It was a blockbuster movie of 2012 wherein an Indian homemaker secretly joins an English-speaking course to speak it confidently thereafter. Most of the people do good with English speaking, be it the students, the farmers, the soldiers, the commoners, the clerks, the office bearers or any kind of job seekers.
Down in the south of the country, an auto-rickshaw driver will surprise you with his level of English speaking. English also comes easily to those who earn their livelihood from tourism.
No matter what their level of literacy may be, they manage to communicate with foreigners in English. It has never been a great deal. The modern-day spiritual gurus are also highly Englicised.
Instead of resorting to Sanskrit, Urdu, Arabic or Hebrew, they find a great ease and access in English. The prime-time TV debates are all about English speaking. They may or may not have the necessary content.
Speaking in English is rather a mass level phenomenon now. We walk English, we talk English, we dress English, we eat and drink English. So, it is all English Vinglish.
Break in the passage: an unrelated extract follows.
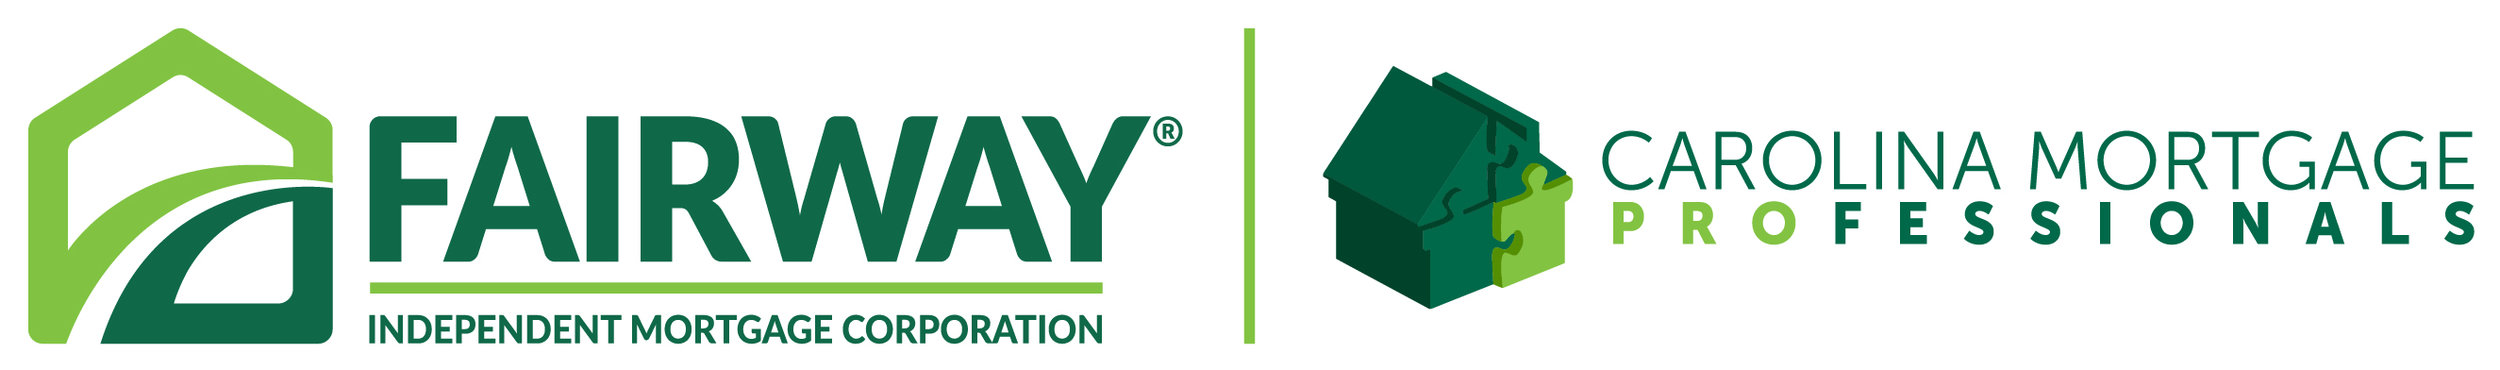 1376935_Carolina_Mortgage_Professionals_Team_Logo_Horizontal.jpg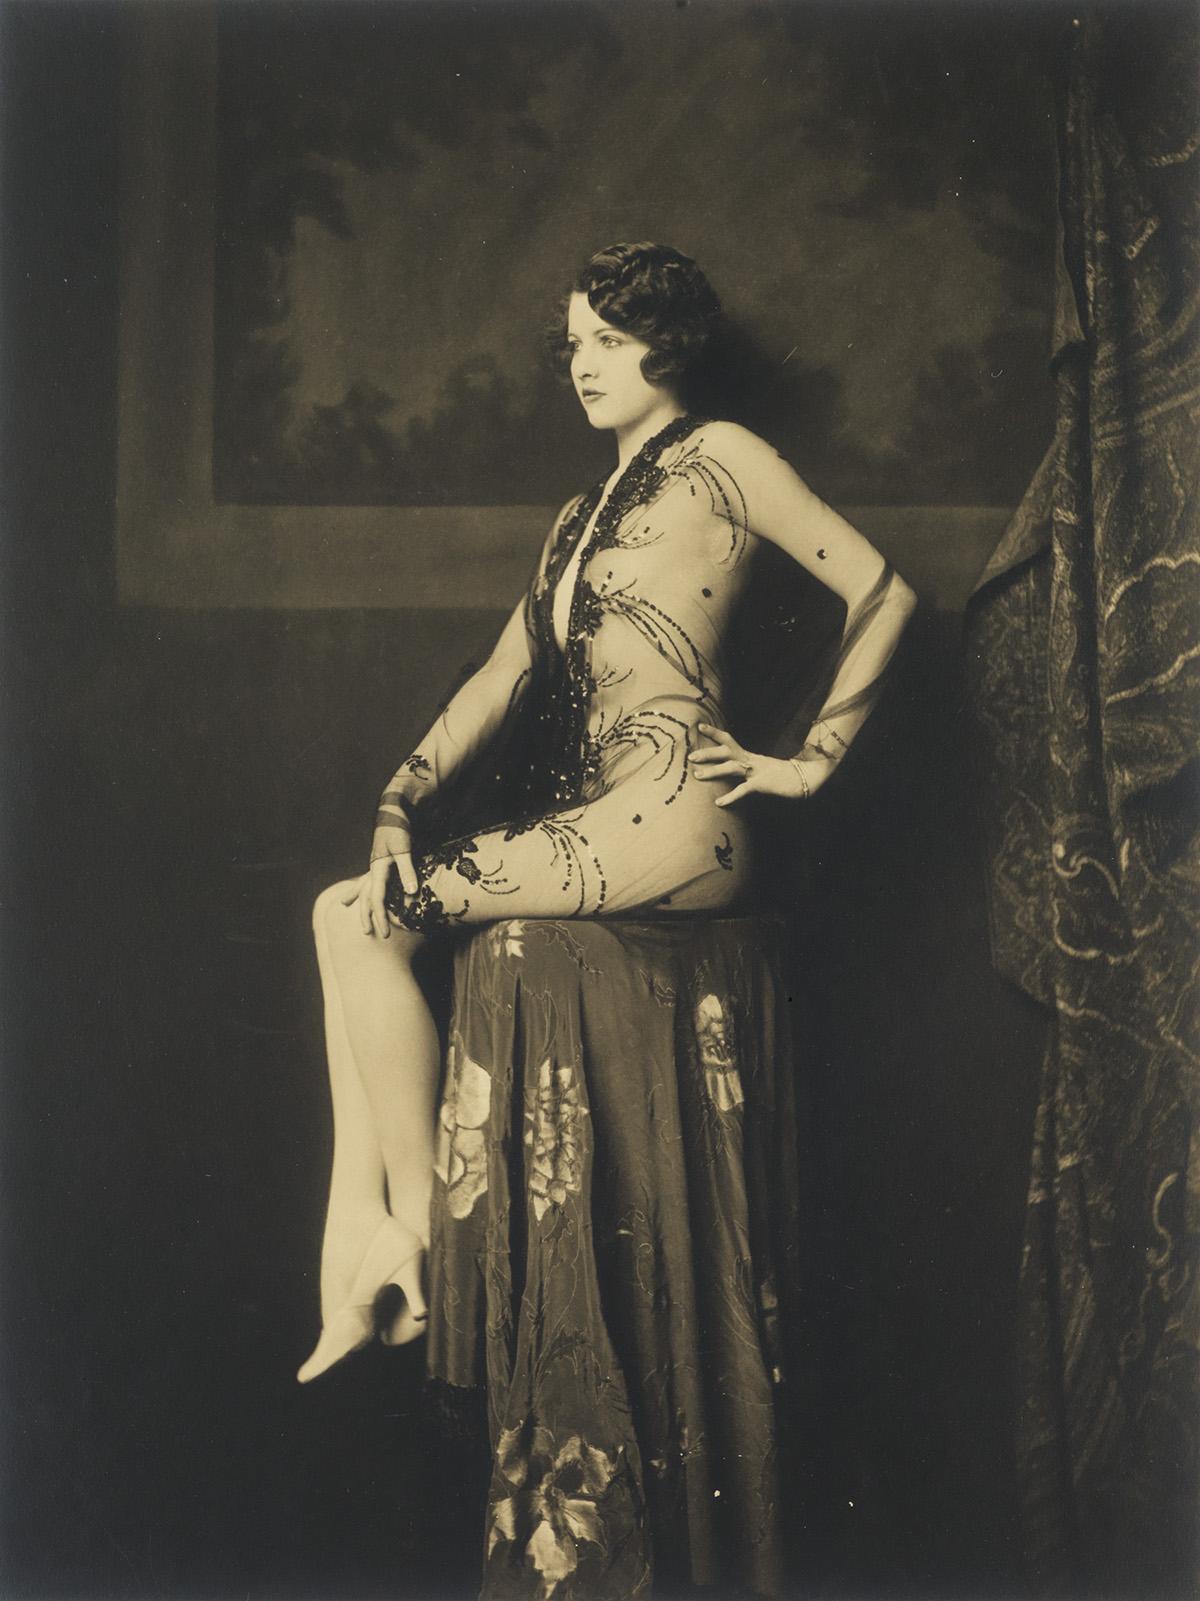 ALFRED-CHENEY-JOHNSTON-(1885-1971)-Jean-Akerman-Ziegfeld-girl

On the other hand, anything not so easy to learn and assimilate is in similitude, related to rocket science. A professor of hard-core sciences may move unhindered to other side of the library to go through anything written in English in the baggage of literature, history, polity, law, philosophy or moderately difficult sciences and develop a great deal of understanding of the same.
A series of blogs have been published in this regard especially by the physicsworld. An illustrious example in the recent past has been that of Philip Dybvig winning Sveriges Riksbank Prize in Economic Sciences in 2022. But Dybvig did not start out as an economist.
In 1976, he graduated from Indiana University with a double major in Mathematics and Physics. So as far as the Physics fraternity is concerned, he remains a physicist as ever.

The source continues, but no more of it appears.